Solid dividend yields are great, but they only really help us if the payment is sustainable. The company is paying out a large amount of its cash flows, even though it isn't generating any profit. This is quite a strong warning sign that the dividend may not be sustainable.

Looking forward, earnings per share is forecast to rise exponentially over the next year. If the dividend continues along recent trends, we estimate the payout ratio will be 35%, so there isn't too much pressure on the dividend.

historic-dividend
JSE:APN Historic Dividend September 6th 2025

Check out our latest analysis for Aspen Pharmacare Holdings

Dividend Volatility

Although the company has a long dividend history, it has been cut at least once in the last 10 years. Since 2015, the annual payment back then was ZAR1.88, compared to the most recent full-year payment of ZAR2.11. This implies that the company grew its distributions at a yearly rate of about 1.2% over that duration. We're glad to see the dividend has risen, but with a limited rate of growth and fluctuations in the payments the total shareholder return may be limited.
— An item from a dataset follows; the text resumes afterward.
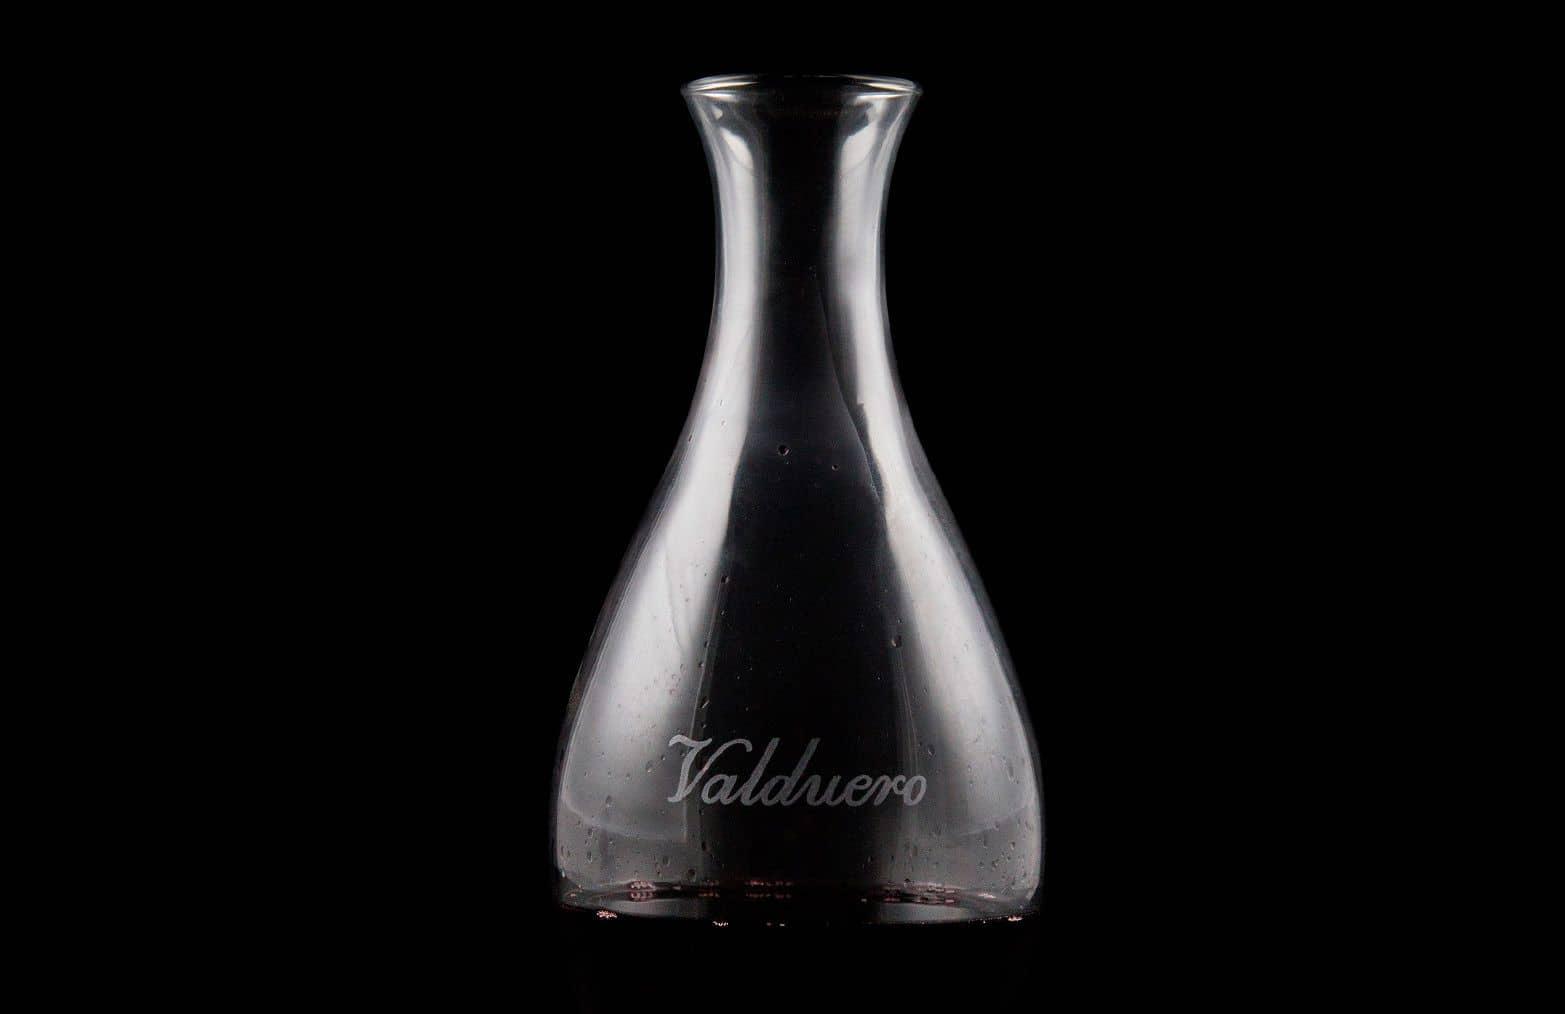 Decantador de Bodegas Valduero, accesorios de vino, Ribera del Duero

Dividend Growth Is Doubtful

With a relatively unstable dividend, it's even more important to see if earnings per share is growing. It's not great to see that Aspen Pharmacare Holdings' earnings per share has fallen at approximately 7.2% per year over the past five years. A modest decline in earnings isn't great, and it makes it quite unlikely that the dividend will grow in the future unless that trend can be reversed. It's not all bad news though, as the earnings are predicted to rise over the next 12 months - we would just be a bit cautious until this can turn into a longer term trend.

We're Not Big Fans Of Aspen Pharmacare Holdings' Dividend

Overall, the dividend looks like it may have been a bit high, which explains why it has now been cut. The company isn't making enough to be paying as much as it is, and the other factors don't look particularly promising either. We don't think that this is a great candidate to be an income stock.

Investors generally tend to favour companies with a consistent, stable dividend policy as opposed to those operating an irregular one. Still, investors need to consider a host of other factors, apart from dividend payments, when analysing a company. Given that earnings are not growing, the dividend does not look nearly so attractive. See if the 6 analysts are forecasting a turnaround in our free collection of analyst estimates here. Is Aspen Pharmacare Holdings not quite the opportunity you were looking for? Why not check out our selection of top dividend stocks.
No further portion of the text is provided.